Common faults & what they mean
- Meter reads 240V at the disconnect but 0V at the contactor load side with the contactor pulled in → burnt or open contacts.
- 0 ohms (continuity) from a winding to the case/ground → grounded component, condemn it.
- Infinite ohms (OL) across a winding or coil that should have resistance → open winding, condemn it.
- Capacitance reads far below the printed value → weak cap, replace it; a hard-starting or non-starting motor is often a dead cap.
- High amp draw climbing over time on a fan motor → bearings dragging or a weak run cap.
Tech tips & gotchas
ALWAYS discharge a capacitor before you touch the terminals or ohm it — a charged run cap can bite you hard. Bleed it through a resistor (a 20,000-ohm, 2-watt resistor across the terminals is the safe way) or use an insulated screwdriver as a last resort, but the resistor is the right habit.
When you measure resistance and the part is still in circuit, you're reading every parallel path, not just your component — that's why isolating one leg matters.
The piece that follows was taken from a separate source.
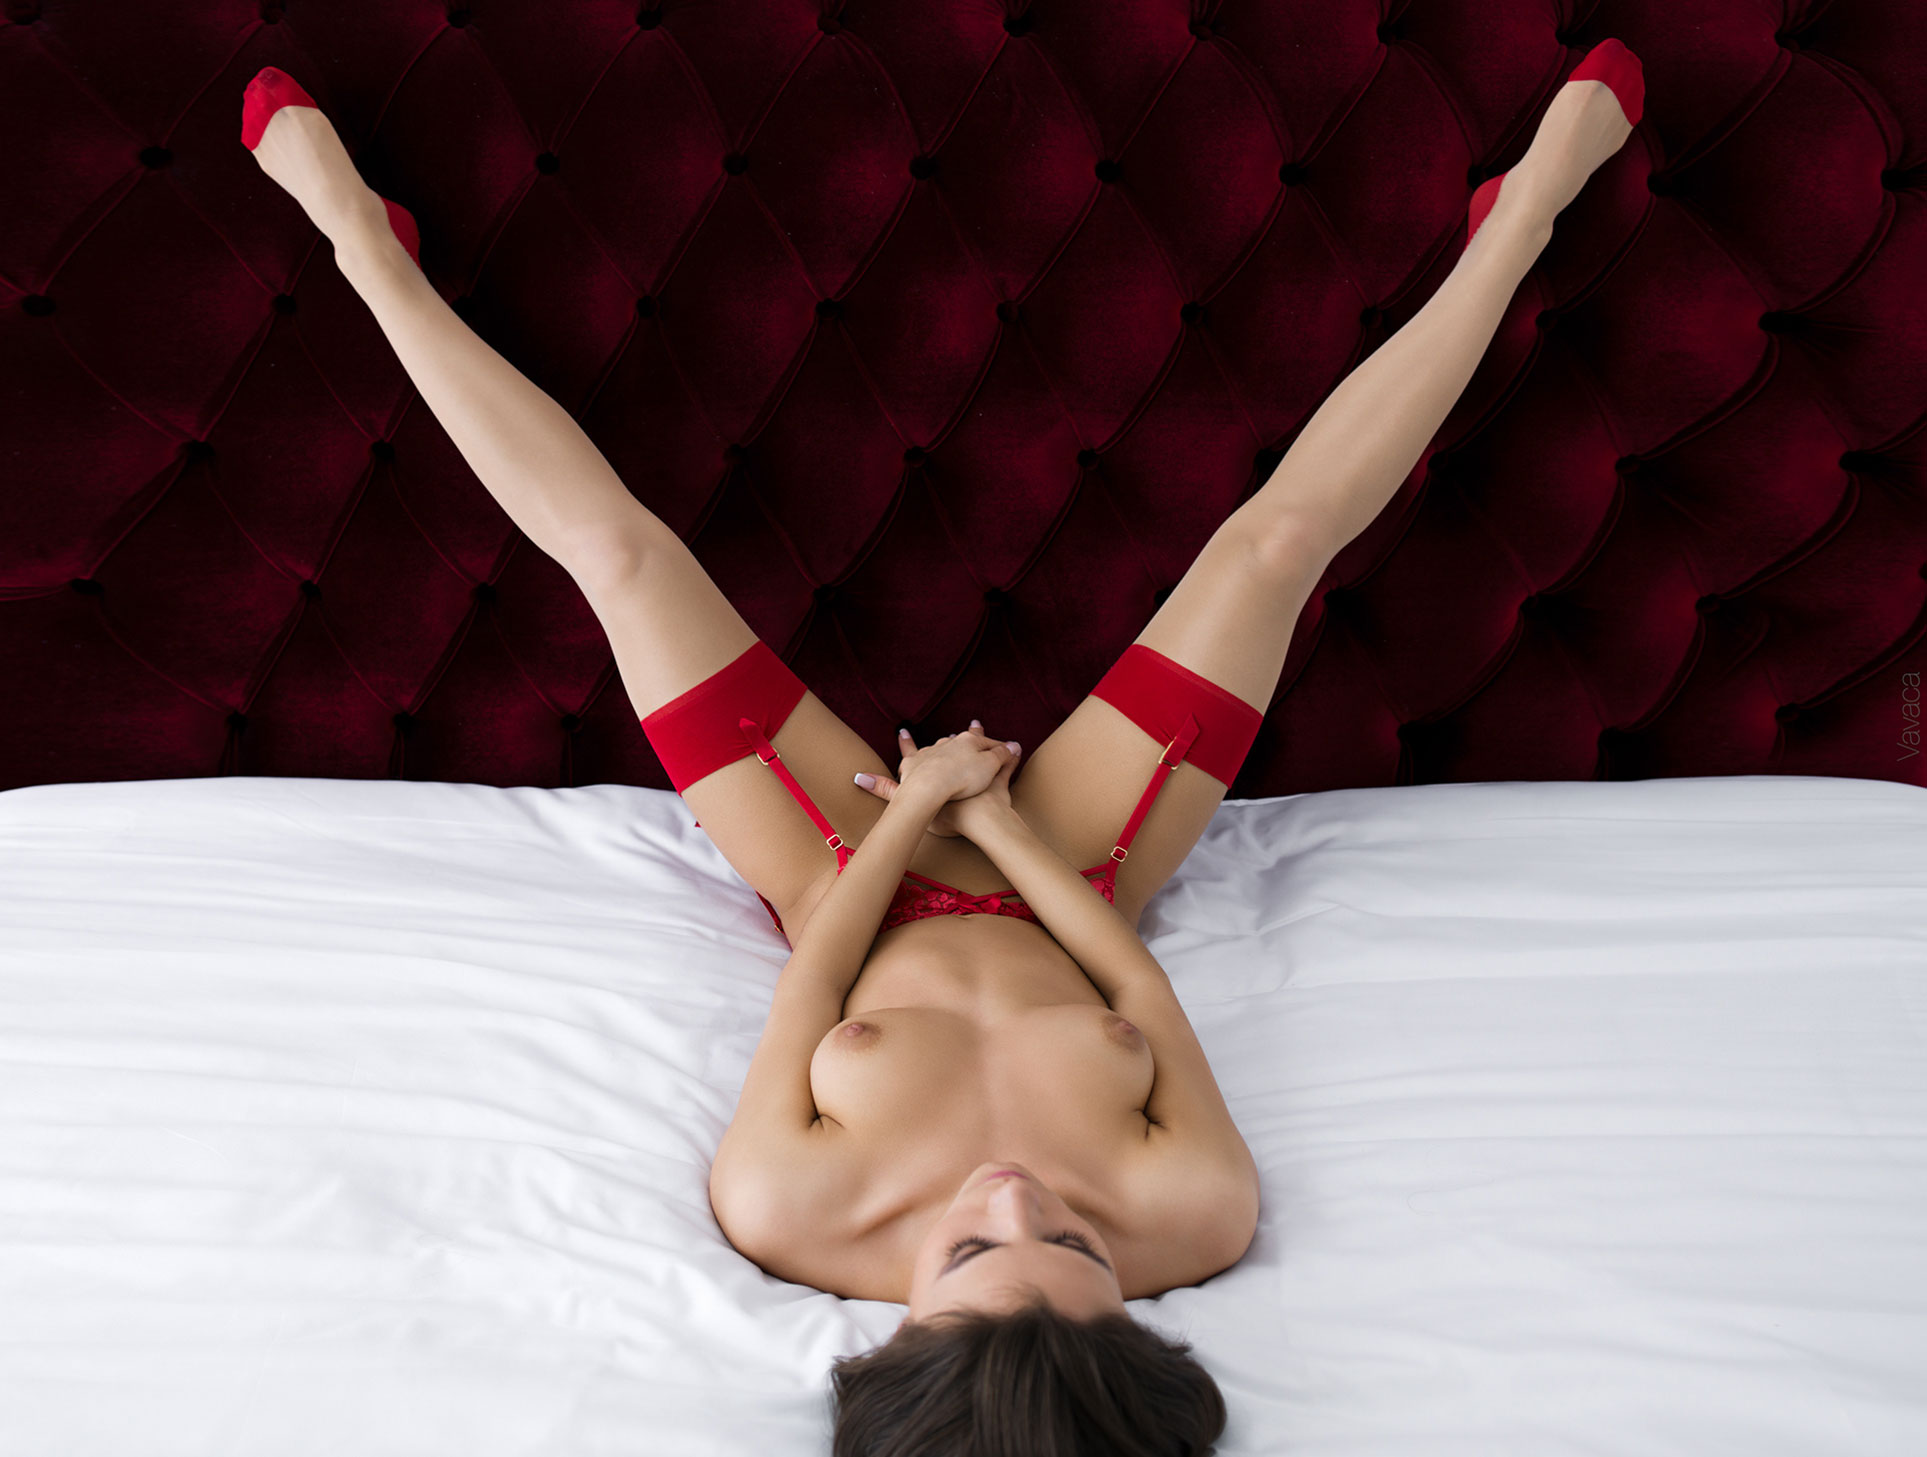 Обнаженная в красном белье - Кристина Макарова / Kristina Makarova by Vladimir Nikolaev

A "good" coil reading that's really three things in parallel will fool you.
If your meter reads OL on ohms when you expect a number, double-check you didn't leave it on a high range or knock the dial — and confirm the leads aren't broken by touching them together (should read near zero).
A clamp meter's accuracy drops at very low amps. For a tiny current like a 24V circuit, wrap the conductor through the jaw ten times and divide the reading by ten to get a usable number.
Safety / code notes
Lock out and tag out before any resistance or capacitance measurement — NEC Article 110 covers working clearances and de-energizing. Use a meter and leads rated for the voltage category you're working in (CAT III minimum for line-voltage HVAC). When in doubt, prove the meter on a known live source before and after a "dead" reading so you know the meter didn't fail mid-test.